The leading edge of this wasn't mass unemployment, but wage pressure on unskilled jobs that, about 50 years ago, made it almost impossible for people working low skill jobs to support a family and spouses had to go to work. The next wave will be that the jobs themselves cease to exist because even low wage workers are far more expensive than machines in *tons* of scenarios.
A few points...
- When I was a kid back in the early 60s, my dad worked and my mom stayed home. Our family had one car and lived in a 900 sq ft house. No luxuries, the house wasn't even air conditioned. If a family today was willing to live that same lifestyle they'd find it possible on a single wage earner's income.
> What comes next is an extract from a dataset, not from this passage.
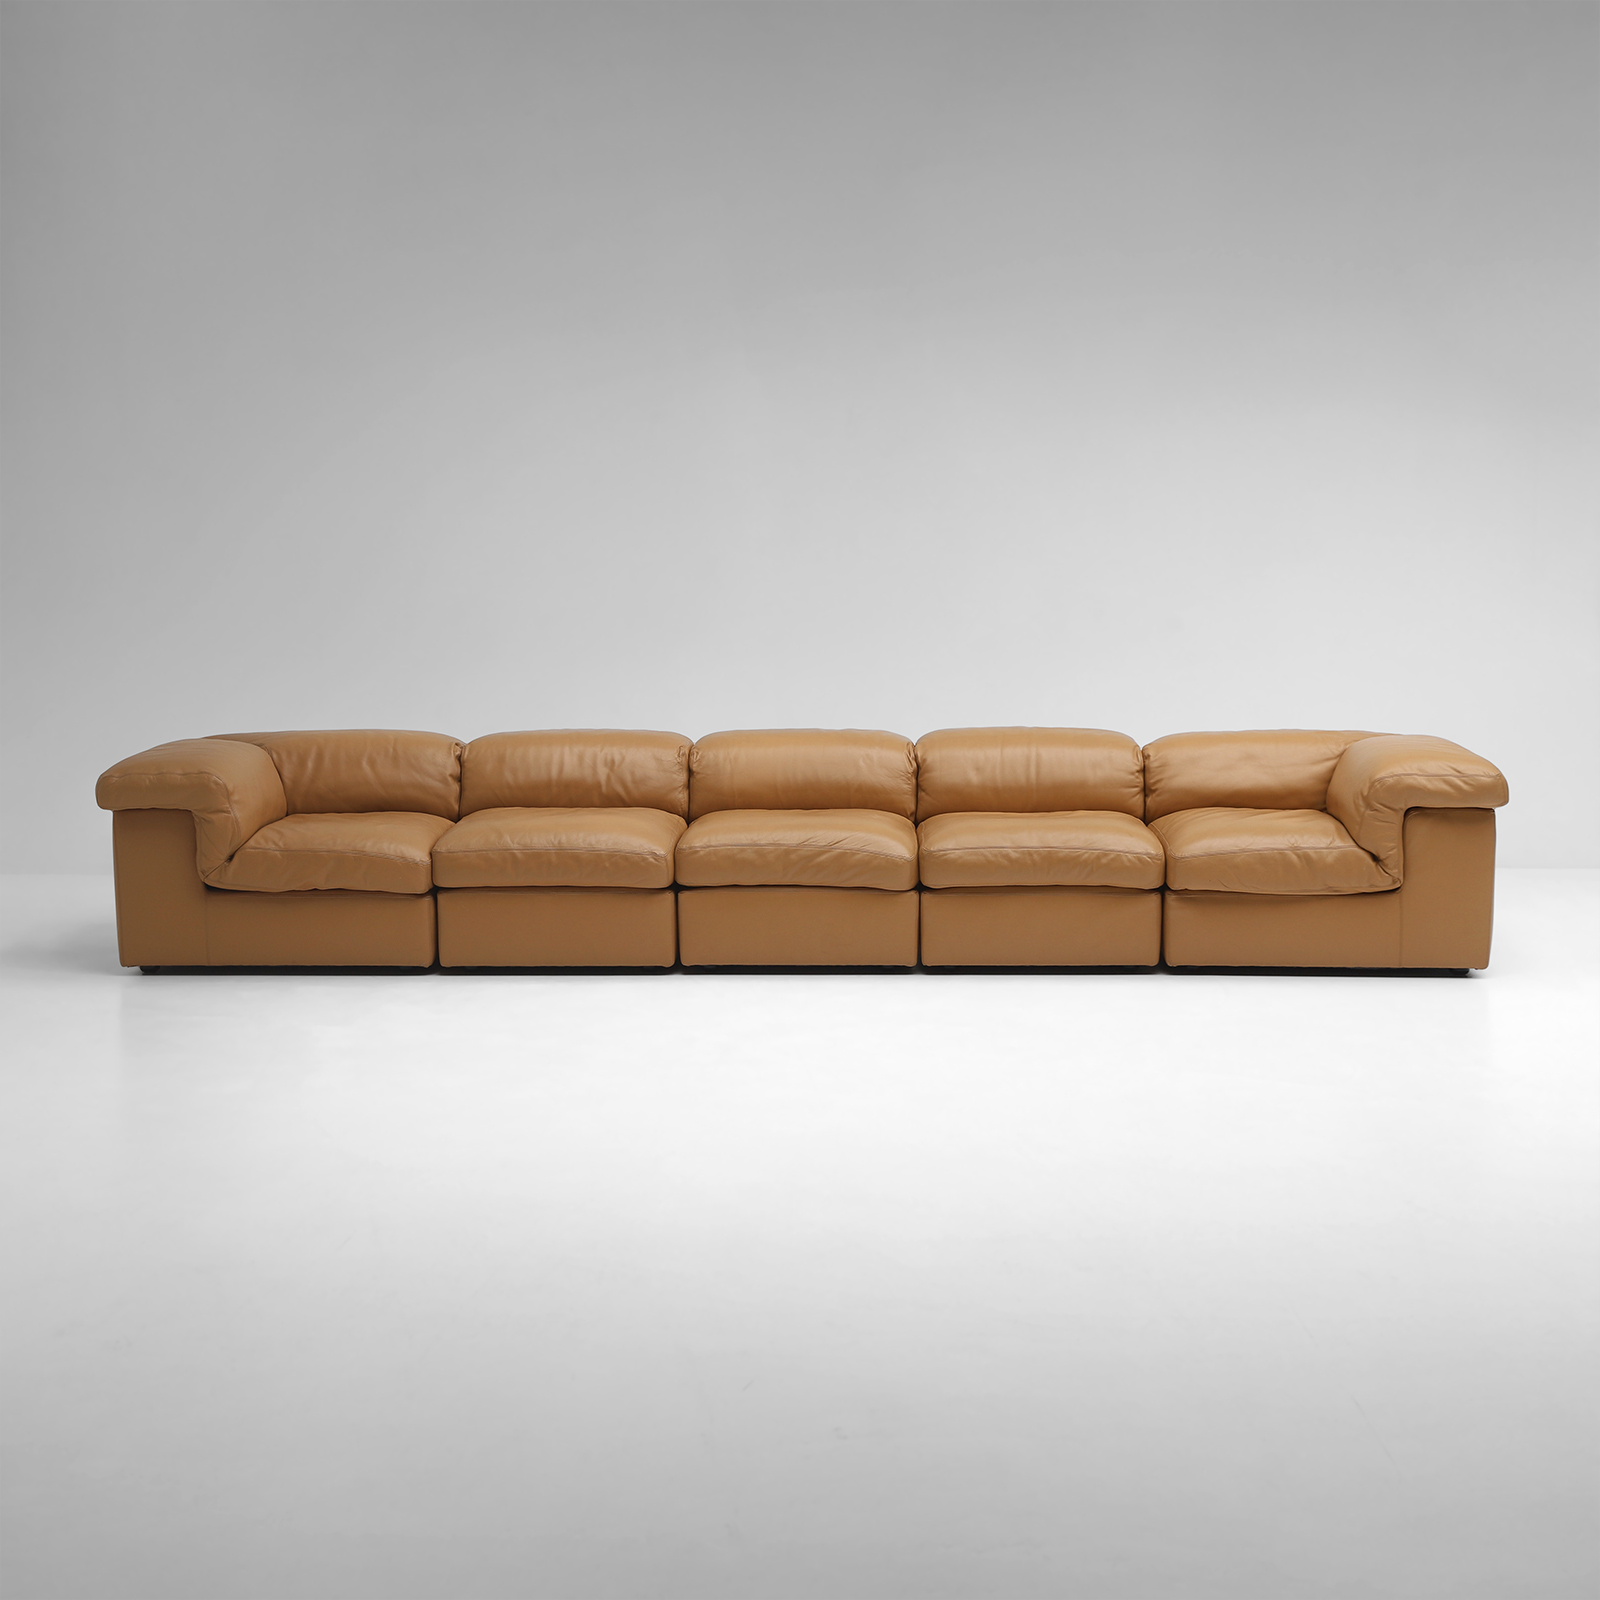 Durlet model 'Jeep' modular sofa set
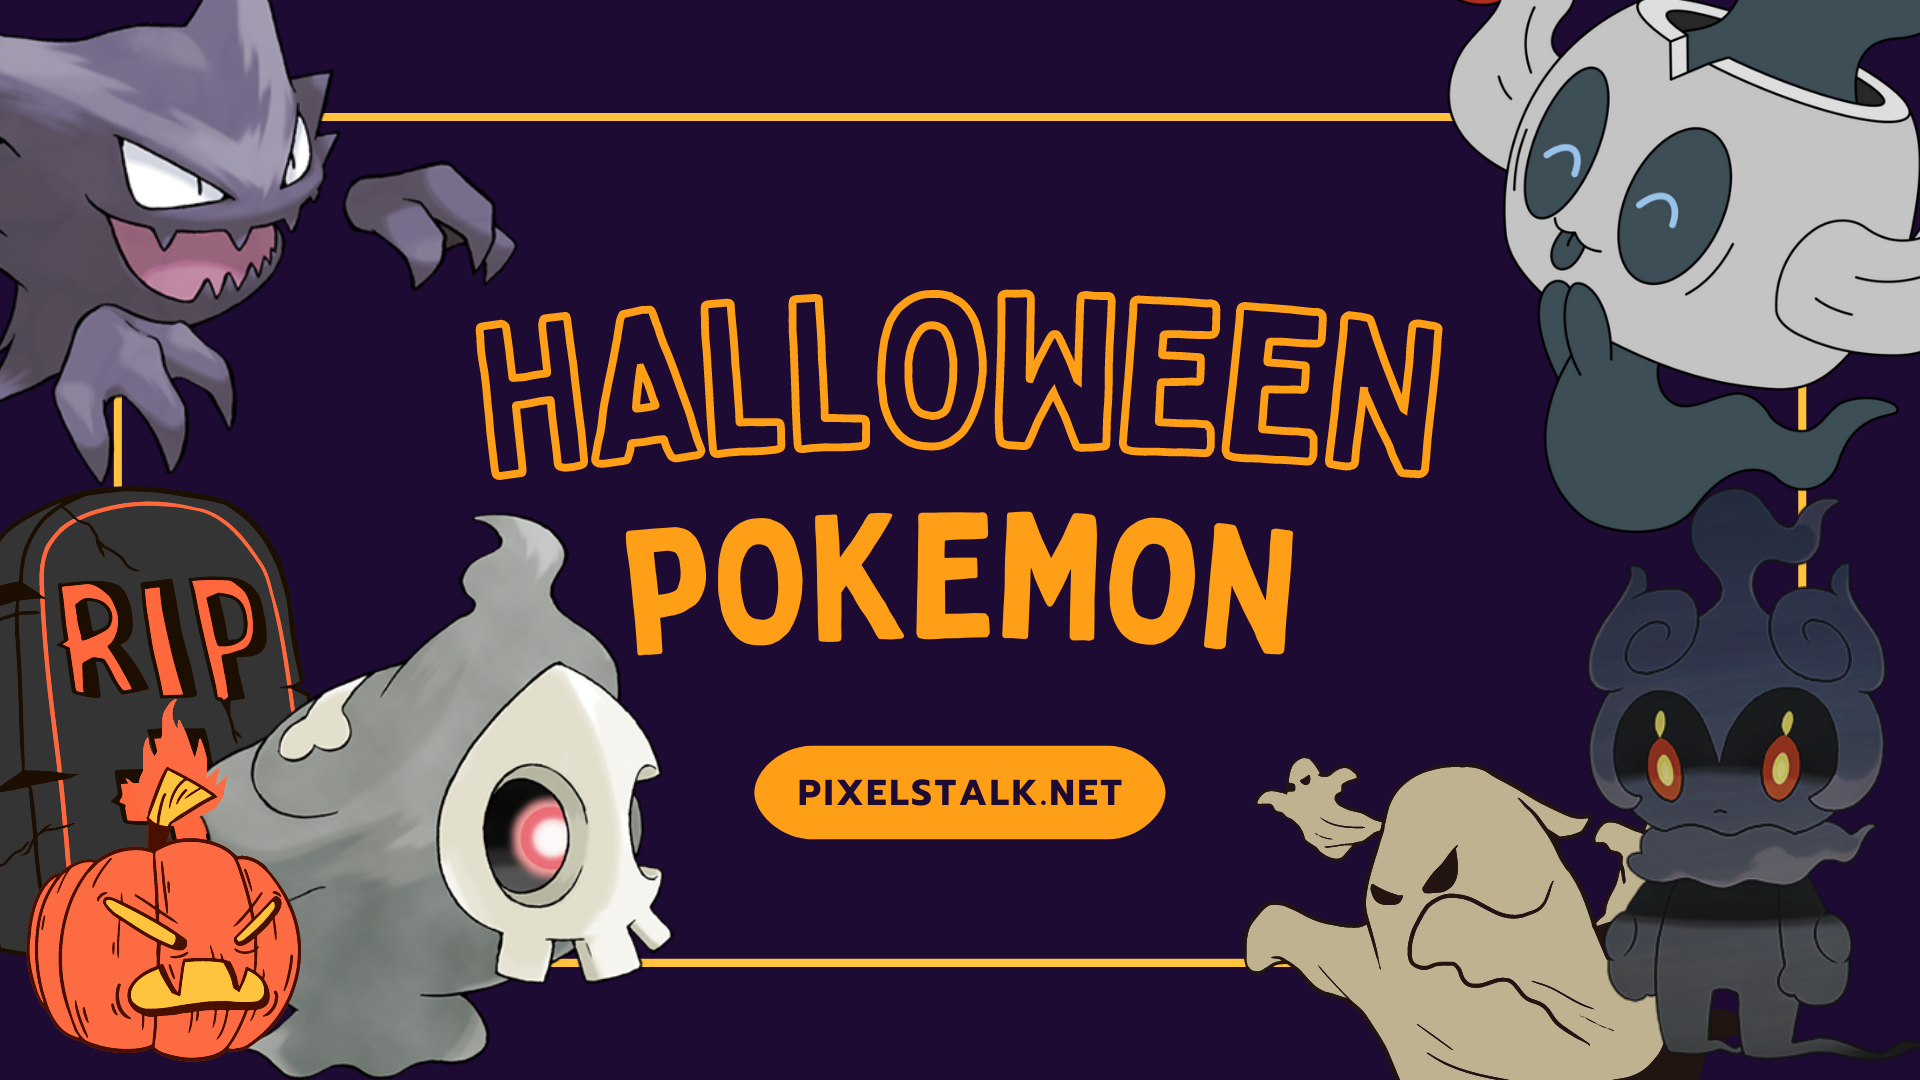 Pokémon Go in Halloween colors  just focus

But they're
not - they insist on houses twice the size of the one I had as a kid, they insist on two cars, the latest electronics, etc., etc., and they go in hock up to their eyeballs.
This is a choice that they're free to make.
- There's little excuse for workers to be "unskilled" these days as there are many programs available and many employers provide training.
- There will continue to be many non-automated jobs.
- Yes, many jobs may cease to exist. There will be new ones. So what? It's been that way for a long long time.
- As baby boomers like me continue retiring, the workforce will shrink. Automation is a solution, not a problem.
What are the 3-5 million people displaced in those two examples going to do for a living instead?
If you can speculate about automation that doesn't yet (and may never) exist, I can speculate that there will be new technologies, industries, and jobs available that are unknown today.
Your question is akin to someone in the early 1900s asking "If automobiles take over transportation, what will become of all the people who care for horses, build wagons and tack, raise feed, clean stables, and so forth? What are they going to do for a living instead?" Y'know what? They found new jobs in new industries and the world improved as did their own lives.
The sky isn't even close to falling.